Fig. 1 (a) Representative σ-conjugated, π-conjugated and hybrid materials. (b) Synthesis of cyanovinylsilanes. (i) n-BuLi, Et₂O, 0 °C; Cl(SiMe₂)_nCl (82–96%). (ii) n-BuLi, Et₂O, 0 °C; DMF, (iii) RO₂CCH₂CN, piperdine, benzene, 80 °C (72–89%, 2 steps).

Results and discussion

Design and synthesis

Tetra- and hexasilanes were selected for initial study on the basis of structure–property relationships identified in photoinduced hole transport studies of oligosilanes⁷ and polysilanes⁸ (μ = 10⁻⁴ to 10⁻³ cm² V⁻¹ s⁻¹). Okumoto et al. in a time-of-flight study of polycrystalline Si_nMe_2n+2 (n = 8–12) films showed that mobility is lower in odd-numbered than even-numbered silane films and that mobility increases with oligosilane length (Si₈Me₁₈, μ ≅ 7.5 × 10⁻⁴ cm² V⁻¹ s⁻¹).⁷ Kepler et al. observed similar magnitude hole mobilities in poly(SiMePh) and poly(Si(n-Pr)₂) films (μ = 10⁻⁴ cm² V⁻¹ s⁻¹), but poly(SiMePh) devices were more photostable.⁸

To further elucidate substituent effects, we installed terminal functionalized arenes, which also increase crystallinity. We particularly focused on cyanovinyl groups, an archetypal electron acceptor moiety.^9,10 Thienyloligosilanes and polymers have previously been described.^11,12 α,ω-Dichlorooligosilanes of defined length were synthesized and then arylated with 4-bromophenyllithium according to Tamao's literature procedure (Fig. 1b).^13,14 Subsequent lithium–halogen exchange, formylation with N,N-dimethylformamide, and Knoevenagel condensation with methyl 2-cyanoacetate yields cyanovinylsilanes Si₄C₁ and Si₆C₁. Use of n-hexyl 2-cyanoacetate in the Knoevenagel condensation yields Si₄C₆ and Si₆C₆. Gratifyingly, all products are crystalline solids at room temperature. Products are exclusively the (E)-olefin isomer, as determined by 2-D NMR spectroscopy and single crystal X-ray diffraction (XRD).
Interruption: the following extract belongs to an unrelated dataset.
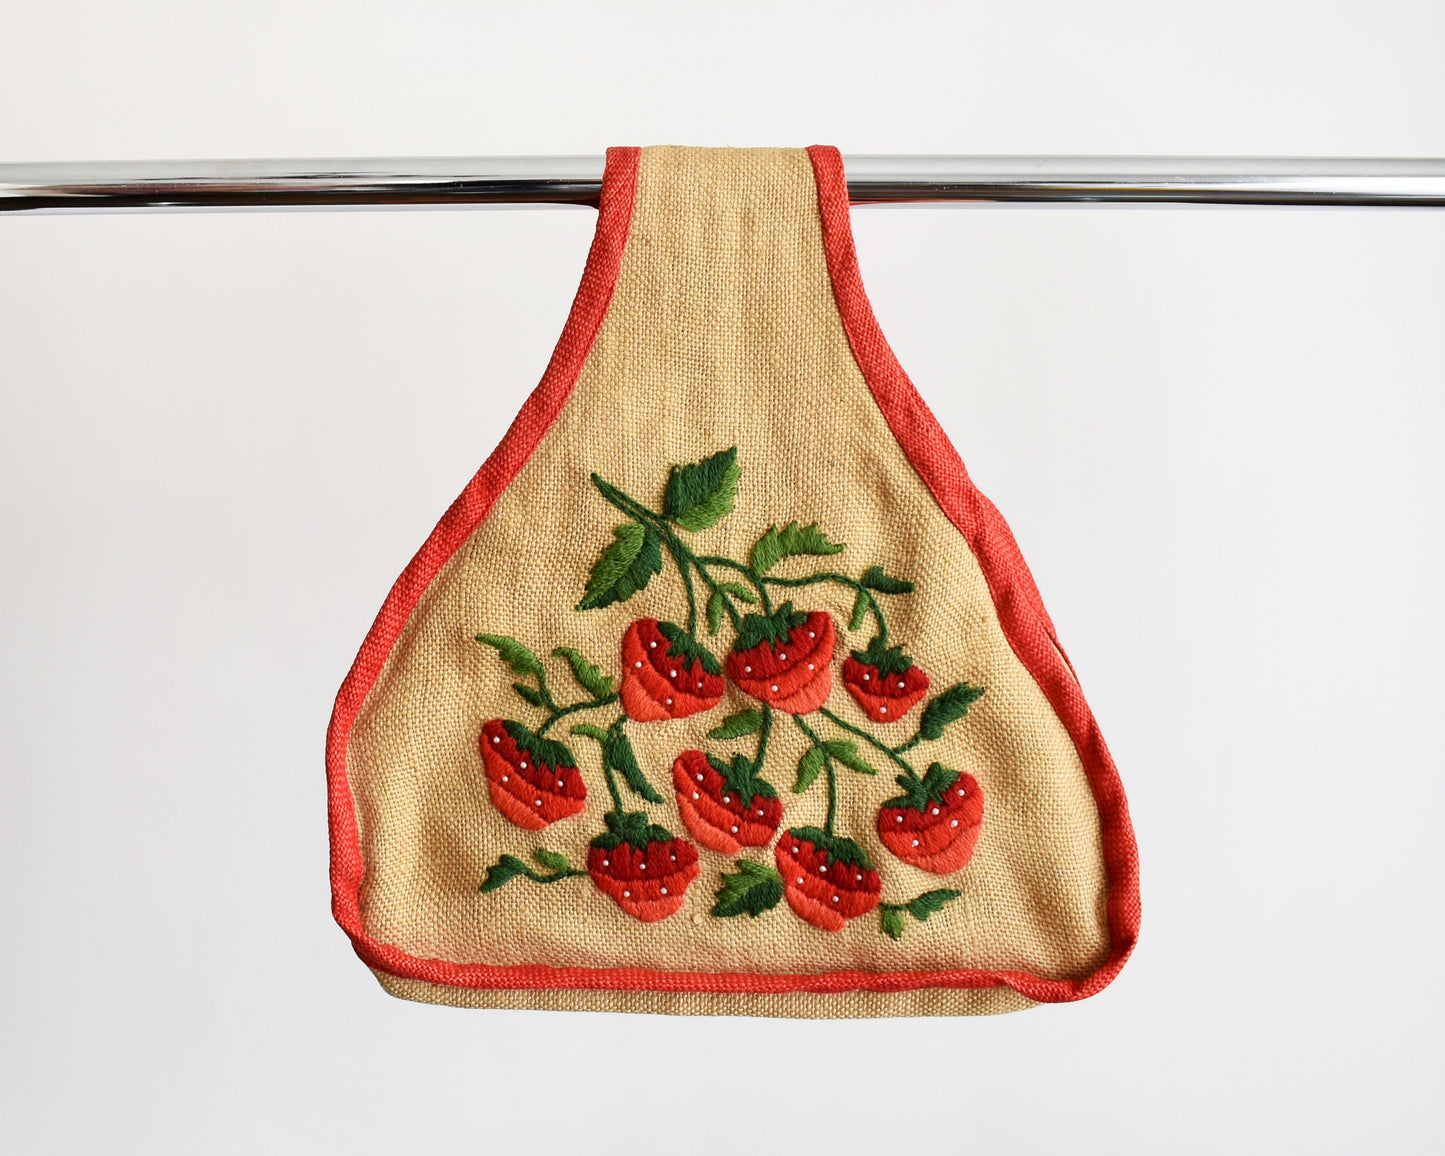 A vintage 60s burlap purse that has  embroidered strawberries on the front, with green leaves and small white pearl beaded seeds and red trim. The purse is being modeled on a pole

Unusual gauche-conformation in crystal structure

The single crystal XRD structures of Si₄C₁ and Si₆C₁ show that one terminal arene is gauche relative to the silane chain (Fig. 2a), a highly unusual conformation. Most acyclic α,ω-arylmethylsilanes in the Cambridge Crystallographic Database adopt a fully extended, all-trans structure and a more limited number have eclipsed conformations.^14,15 A complete list of references to relevant crystal structures can be found in the ESI.† A single crystal XRD structure of an acyclic permethylsilane has not been reported, but the powder XRD pattern of a vacuum-deposited Si₁₂Me₂₆ thin film shows a d-spacing (d = 25.9 Å) consistent with all-anti-silanes oriented perpendicular to the substrate.¹⁶

Fig. 2 Cyanovinylsilane crystal packing. (a) Birds-eye view of Si₆C₁ molecule highlighting the gauche conformation at Si₁. (b) Unit cell of Si₆C₁. (c) Crystal packing of Si₆C₁ extended along the c direction illustrating the short (3.44 Å) intermolecular distance between carbonyl carbons. (d) Powder XRD pattern of Si₆C₁ thin film. Inset shows higher resolution image. (e) Powder XRD pattern of Si₆C₆ thin film. Cu Kα = 1.54 Å. Displacement ellipsoids are shown at 50% probability. Carbon = gray; silicon = yellow; nitrogen = blue; oxygen = red. Hydrogens omitted for clarity.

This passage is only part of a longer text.